UPDATE:
Only two more blood thinner injections and I can stop feeling like a pincushion. For those who haven't been following along, the injections were prescribed by my GP as a prophylaxis against a possible blood clot. A necessary measure but an unpleasant one. I'll be relieved after tomorrow morning.
My mouth remains pretty sore, with dissolvable sutures still in place on both the top and bottom. I messaged the surgeon about the pain and since I show no signs of an infection, they claim this is normal and there's nothing to worry about. My chin is still somewhat swollen but not very sore, and the numbness is almost gone. I suspect I'll have near-zero numbness after about another week to 10 days.
I'm looking forward to the follow-up with the surgeon this week. I'm hoping they put me on the schedule for phase II of FFS (rhinoplasty, lip lift, fat injections, some skin tightening). I really want to see more of what they're started. I'm used to my face now and while I'll agree that I look more feminine, I still have a ways to go.
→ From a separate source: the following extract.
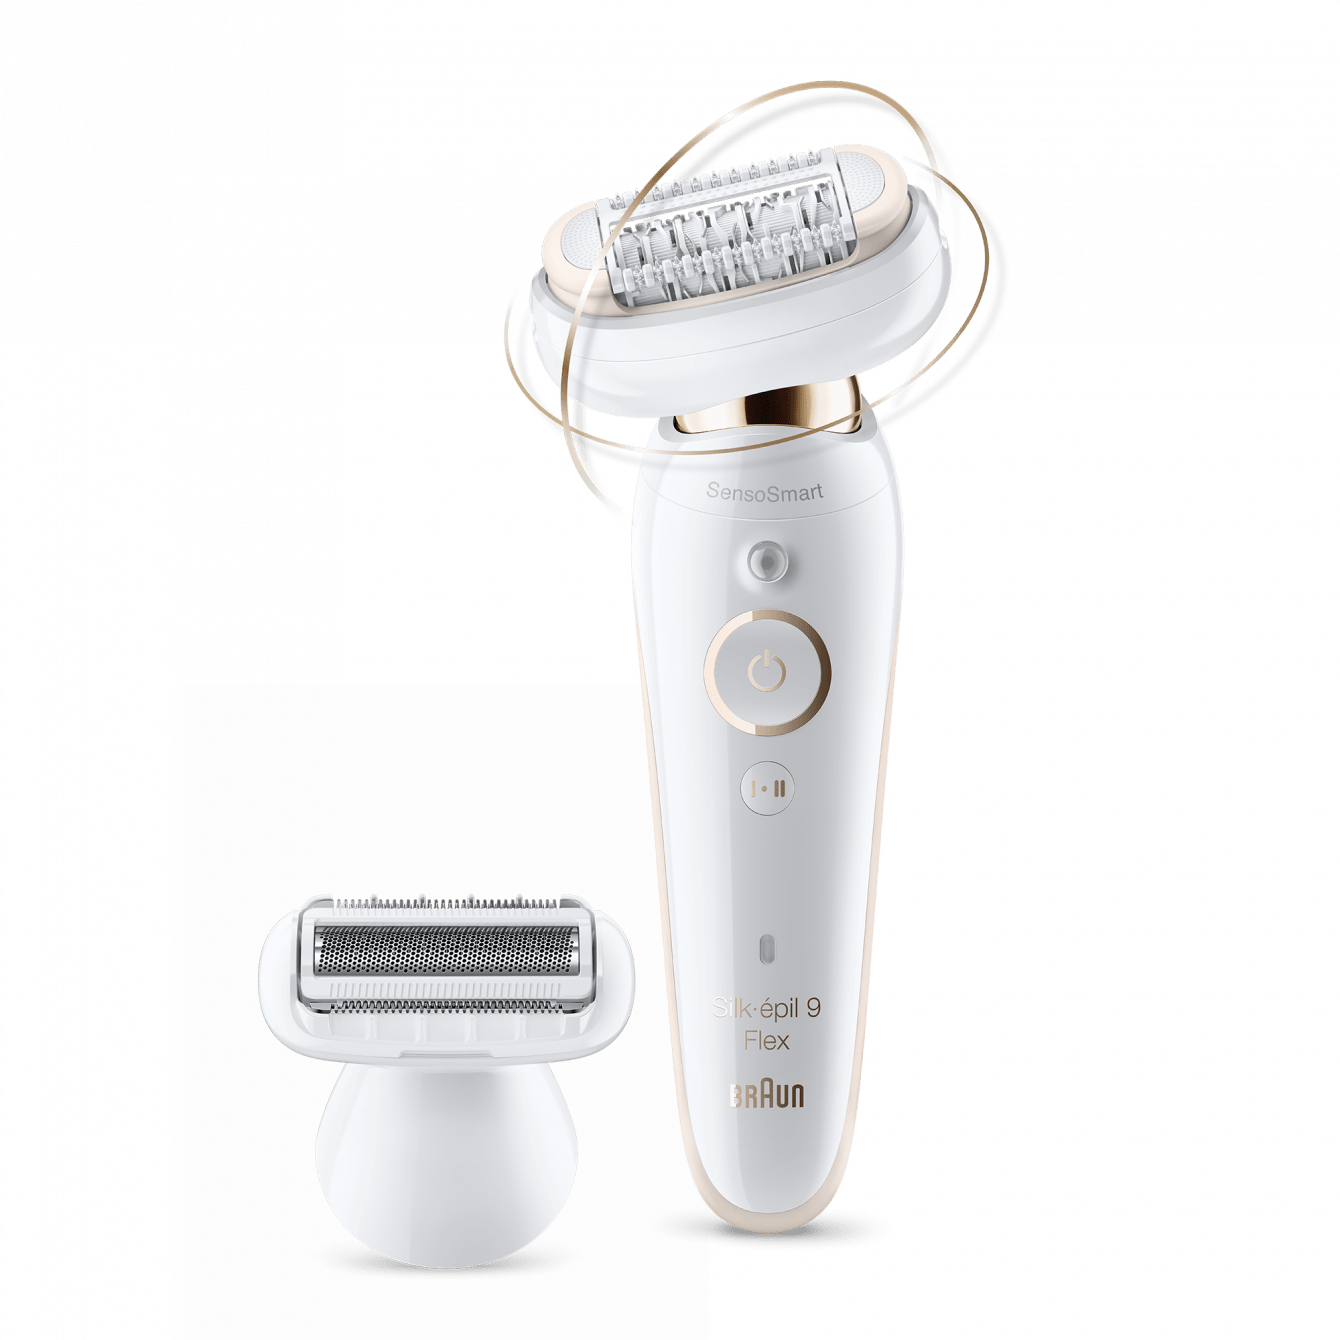 Braun presents the new devices for hair removal and reveals the habits of Italian women

I'm also excited to get back to weekly electrolysis visits. I have SO MANY hairs on my face, with the remaining dark ones almost exclusively on my chin (the rest are grays). I suspect it will be at least 2 years before my face is cleared of hairs. Sigh.
Last night was my weekly estradiol injection. I woke up crying, having had a dream about heartbreak or loneliness or something. I continued to cry for a few minutes, then fell back to sleep. This has happened before, always overnight following my injection.
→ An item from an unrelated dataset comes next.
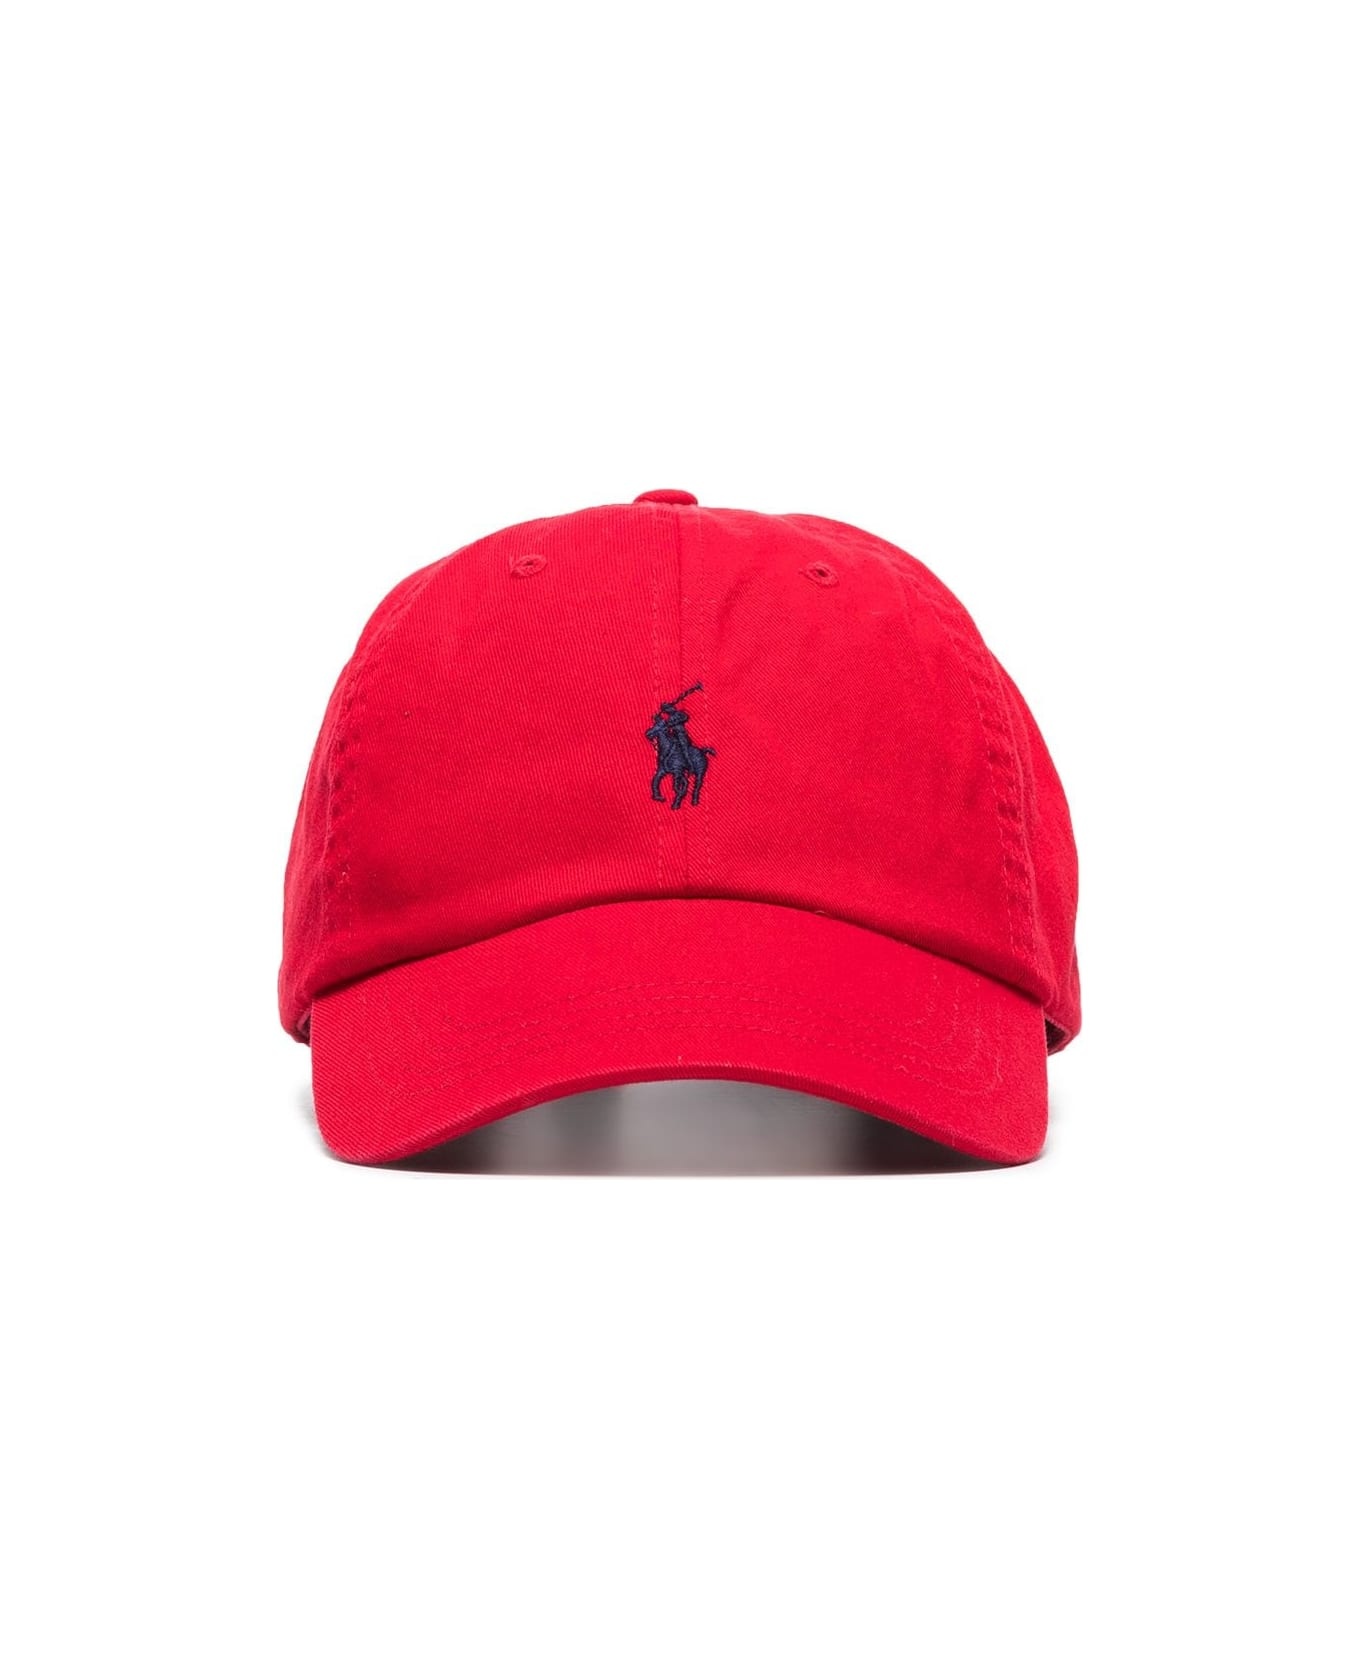 Red Baseball Hat With Blue Pony - 1

Today's weather was hot. I went fishing with a 24 year old guy from my neighborhood. I wanted to come out to him but decided not to. We've been fishing a few times and we get along, but I don't want it to get "weird." He's a reasonable person (hates trump) but he was in the military and I really don't know how he feels about trans people. And there's so much rhetoric these days about us; it's hard to guess how people might react. But the hot weather is making things difficult, and my breasts have become so hard to hide.
I guess I need to get all of this facial hair removed and I need this next surgery and maybe this will be easier. Being trans is so hard sometimes.